Me maquillé con precisión, devolviéndole el color a mis mejillas y delineando mis ojos para ocultar el cansancio. Fui al armario y elegí un vestido oscuro, ceñido, y me calcé unos tacones altos. Cuando me miré de nuevo, ya no quedaba rastro de la Mila rota y confundida que Erik había dejado en la cocina. Estaba lista.
Tomé los tacones en la mano para no hacer ruido y no me los calcé hasta llegar al último escalón. Pero en cuanto el primer golpe seco del tacón resonó contra el suelo de la planta baja, me di cuenta de mi error. Caleb ya no estaba en la alfombra.
La planta baja estaba impecable. Mientras yo me arreglaba, él se había encargado de limpiar toda la casa: los platos de la cocina estaban recogidos, las tazas lavadas y las cartas guardadas en su sitio.
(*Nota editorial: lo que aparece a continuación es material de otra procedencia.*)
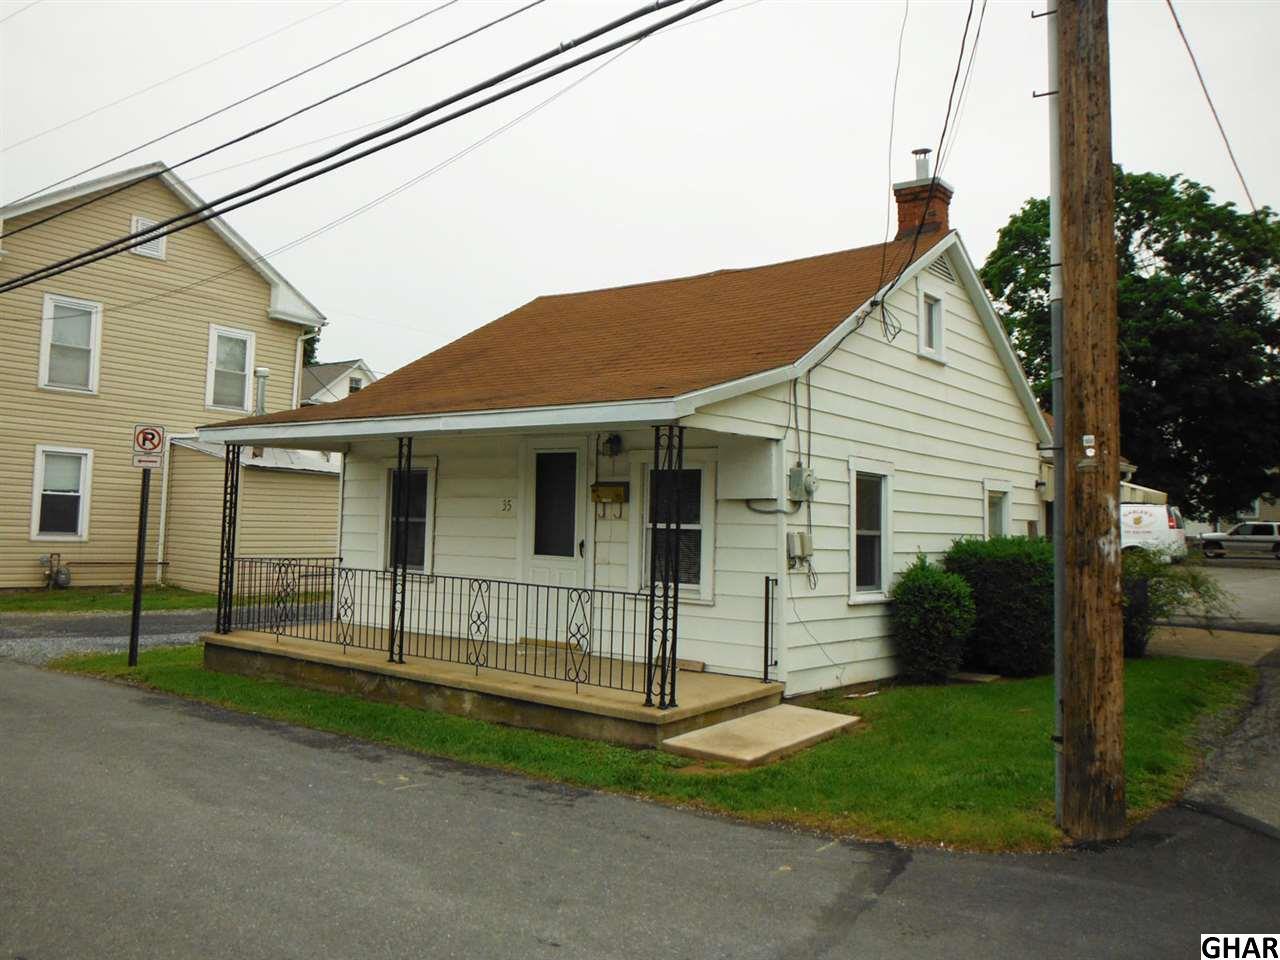 35 N Seneca St, Shippensburg, PA 17257

Los niños seguían durmiendo, ahora arropados con suavidad bajo una manta en el sofá.
Caleb estaba de pie junto a la barra de la cocina, con un trapo en la mano y el ceño fruncido. Al verme bajar, se cruzó de brazos, bloqueándome el paso con su enorme contextura y escaneándome de arriba abajo con una mirada que no admitía tonterías.
—¿A dónde vas? —preguntó directamente, sin bajar la voz pero con un tono cortante—. No deberías salir así. Exactamente, ¿qué estás haciendo, Mila?
—Voy a ver a Isaac —mentí con total naturalidad, sosteniéndole la mirada sin parpadear.
Caleb soltó una risa seca, irónica, y miró el reloj de su muñeca antes de clavar sus ojos en mí.
—¿A las diez de la noche, Mila? ¿En serio?
—Resulta que tengo muchos meses en autodestrucción —repliqué, dando un paso al frente, intentando que la firmeza de mis tacones ocultara mis nervios—, y decidí que hoy voy a empezar a reconstruir mi vida.
Caleb no se movió un milímetro. Negó con la cabeza, con una mezcla de fastidio y una preocupación genuina que intentaba enmascarar con su habitual sarcmasco.
—Con resaca, tacones y a las diez de la noche —sentenció, dando un paso hacia mí—. Eso suena a que ayer te apetecía perseguirme a mí, hoy te apetece ir a perseguir a Erik Vance.
El golpe dolió porque estaba demasiado cerca de la verdad. Sentí que la sangre se me subía a las mejillas y apreté los puños.
—Me haces ver como una estúpida —siseé entre dientes.
—Entonces deja de actuar como una estúpida —soltó él, perdiendo por completo el tono de broma y adoptando una firmeza implacable—. Quítate todo eso, da la vuelta y siéntate aquí a cuidar a los niños. Mañana empiezas a reconstruir tu vida.